Items listed in a dataset:
────────────────────────────────────────

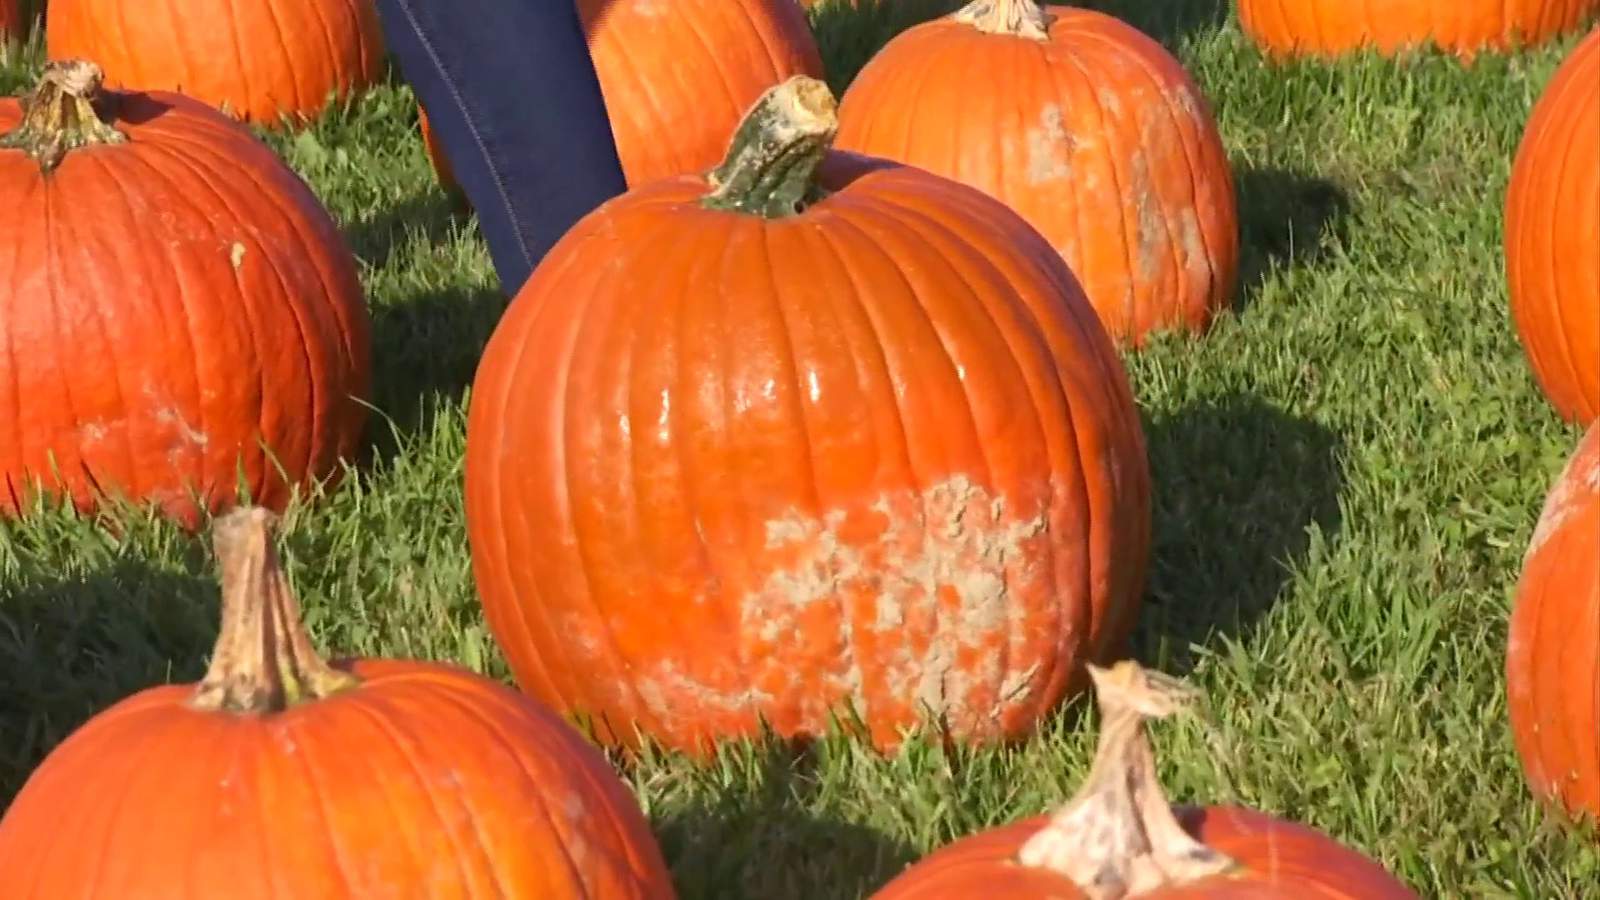 Fall fun reaches new heights at Wytheville family farm
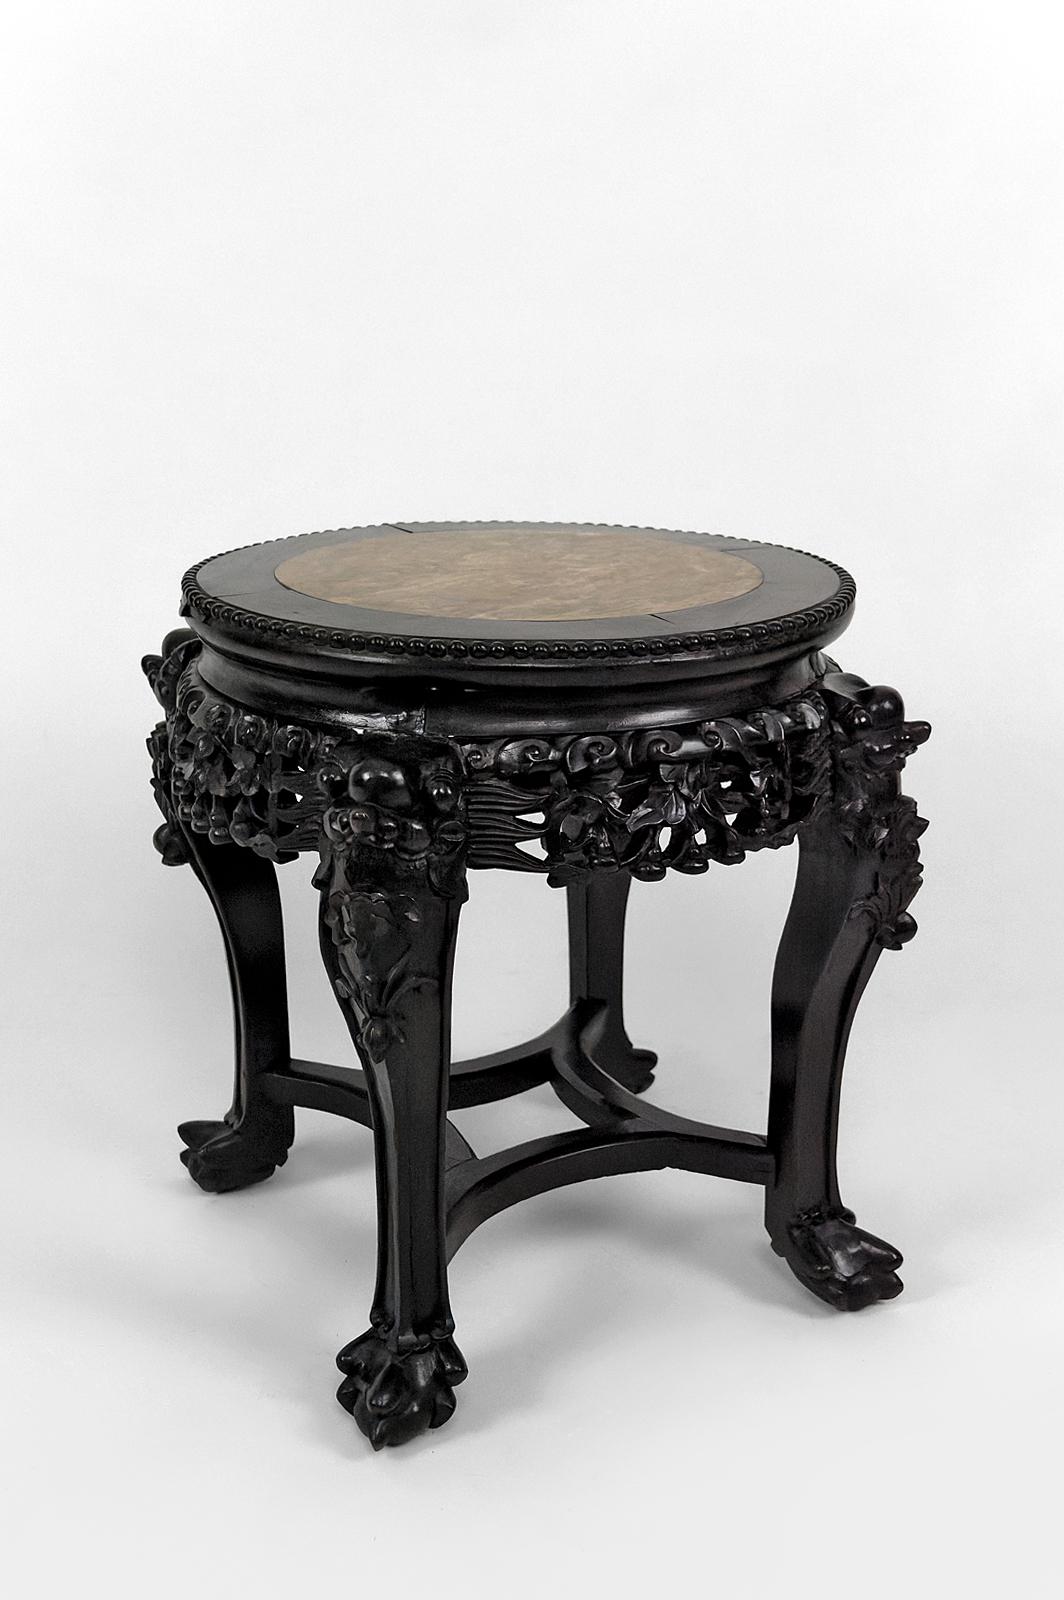 Superb low side table / gueridon / Coffee table / pedestal table / plant holder / pot holder / pedestal in carved solid wood.

The sculptures feature dragon/demon heads, tiger/lion paws and plant motifs.
The top is made of marble.

Asia, South China
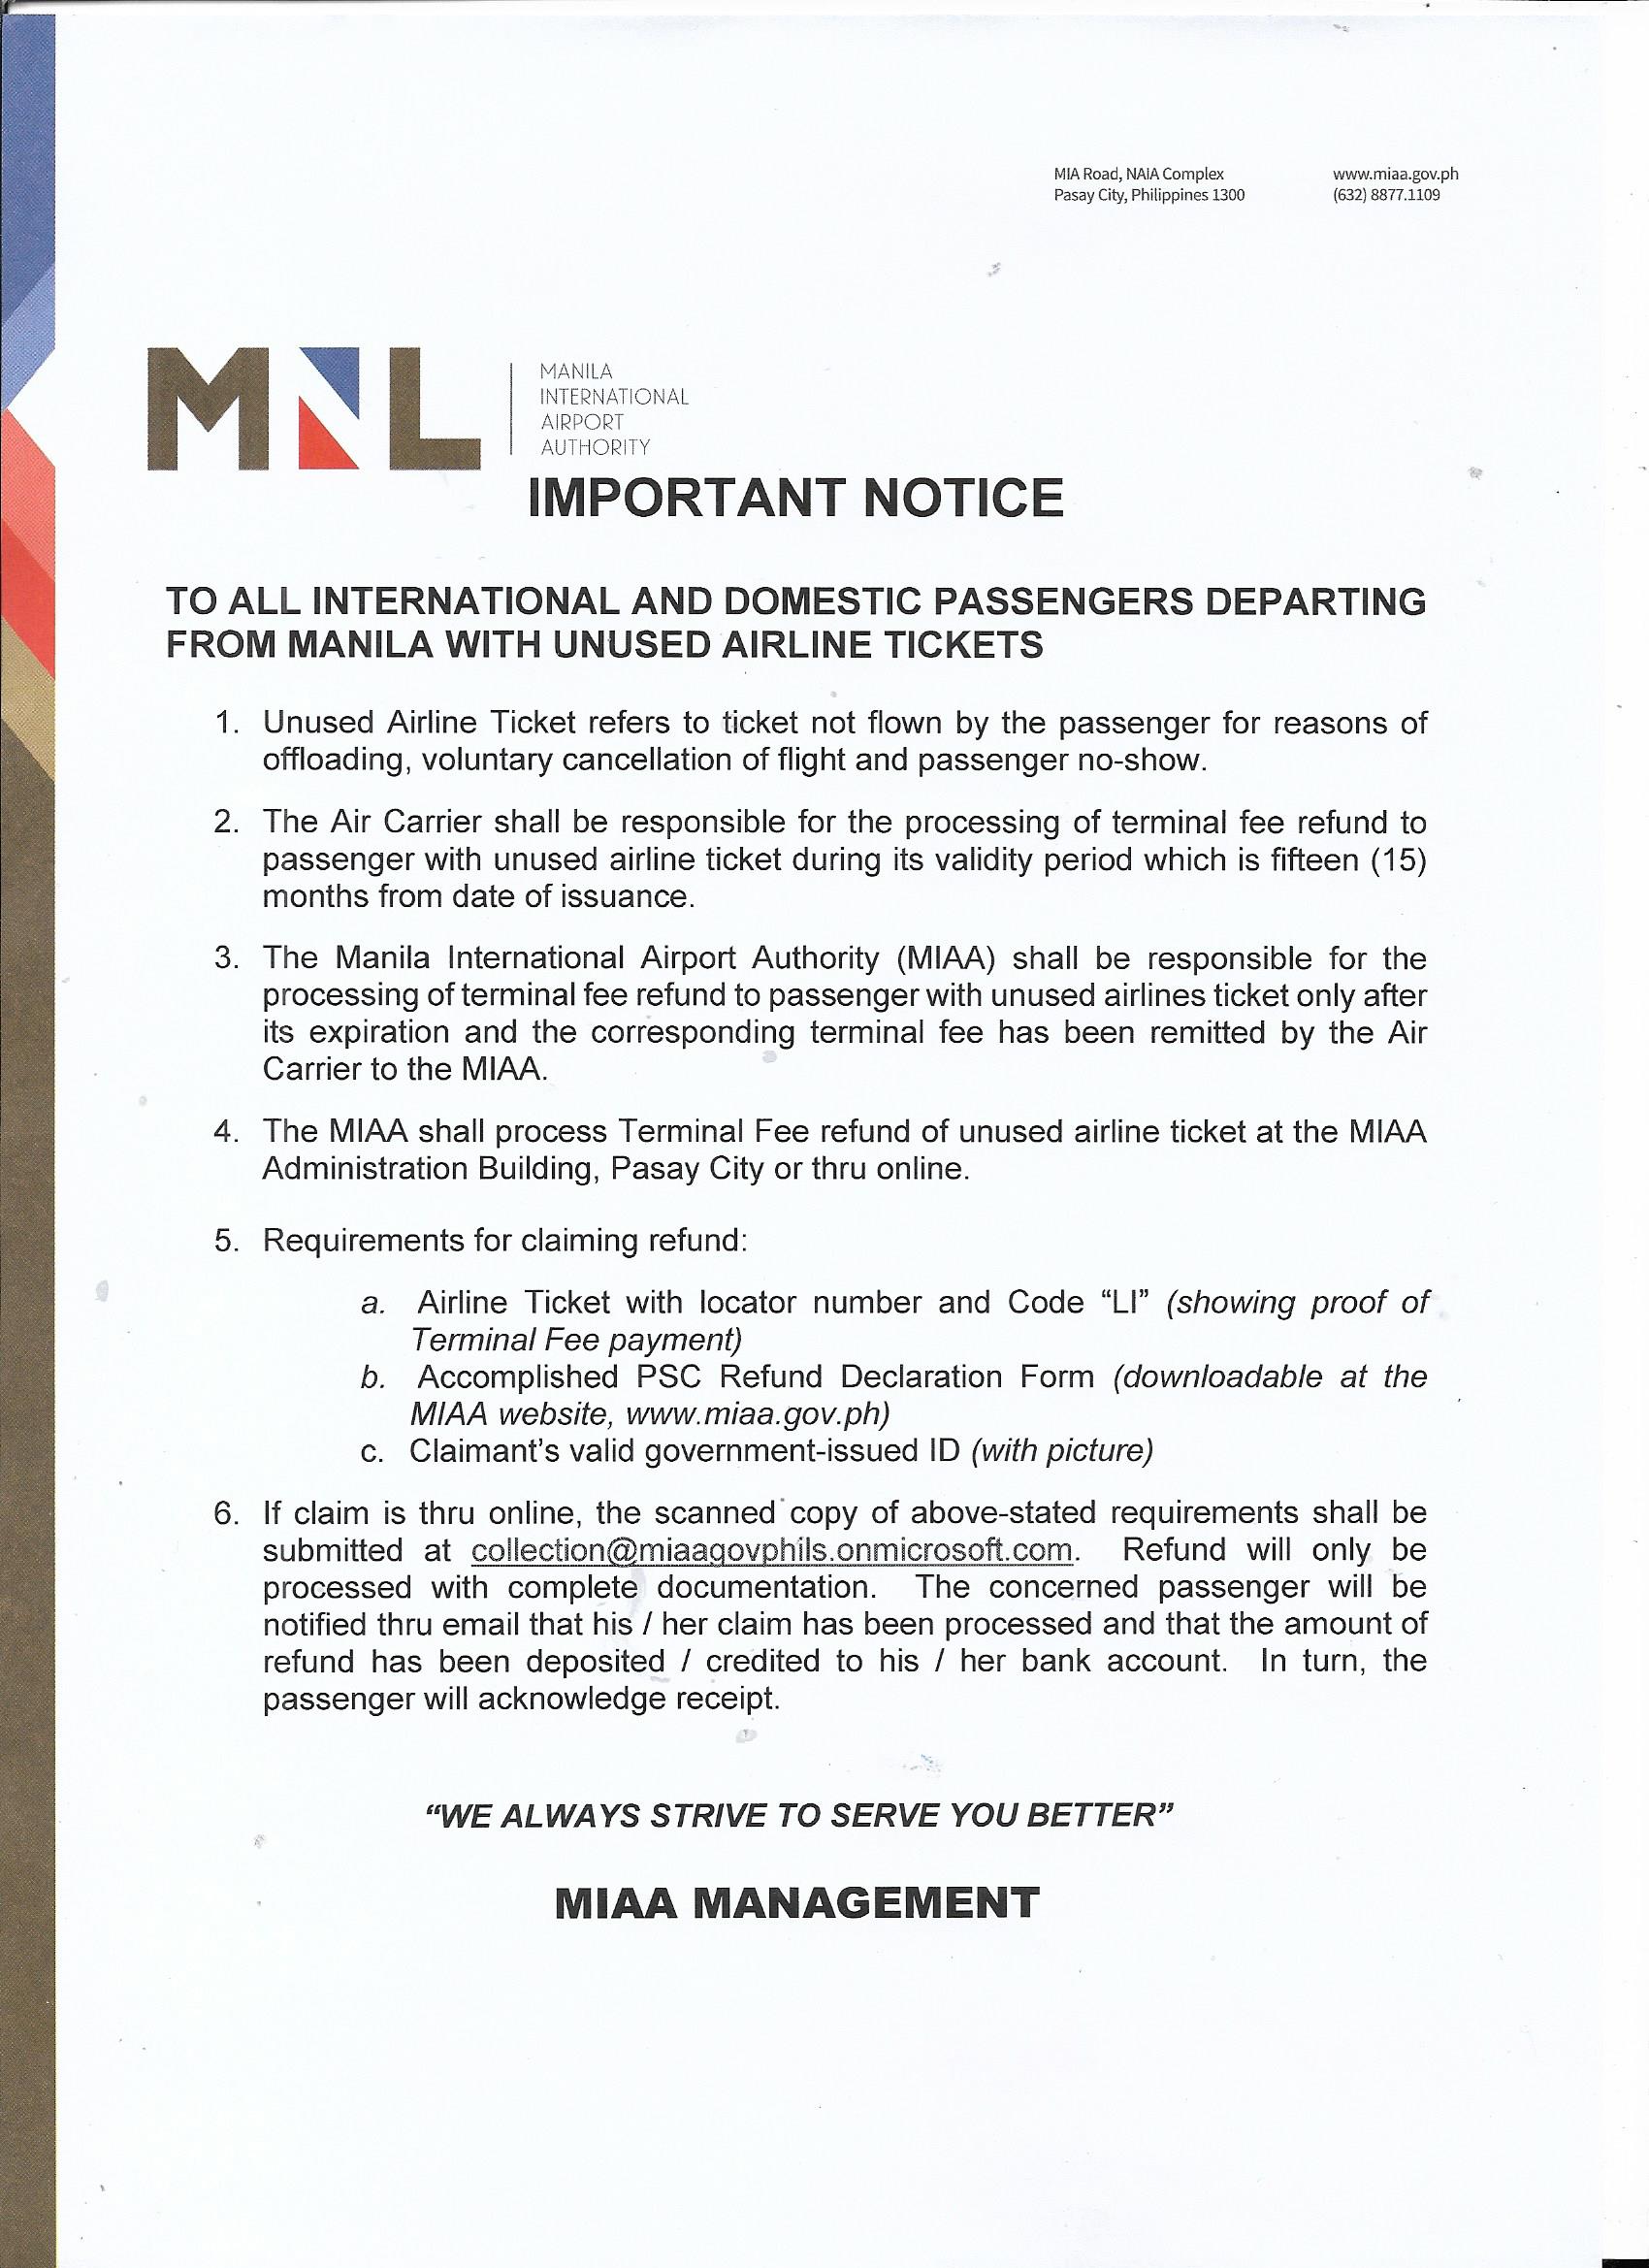 Naia On Twitter Important Notice To All Passengers Departing From Manila With Unused Airline Tickets Here Is The Process For Claiming Your Terminal Fee Refund Https T Co 4geu0knhu4 Twitter

────────────────────────────────────────

Exercise requirements: Could you restate the entries word for word, skipping any pictures?

Answer box:
 Fall fun reaches new heights at Wytheville family farm
 Superb low side table / gueridon / Coffee table / pedestal table / plant holder / pot holder / pedestal in carved solid wood.

The sculptures feature dragon/demon heads, tiger/lion paws and plant motifs.
The top is made of marble.

Asia, South China
 Naia On Twitter Important Notice To All Passengers Departing From Manila With Unused Airline Tickets Here Is The Process For Claiming Your Terminal Fee Refund Https T Co 4geu0knhu4 Twitter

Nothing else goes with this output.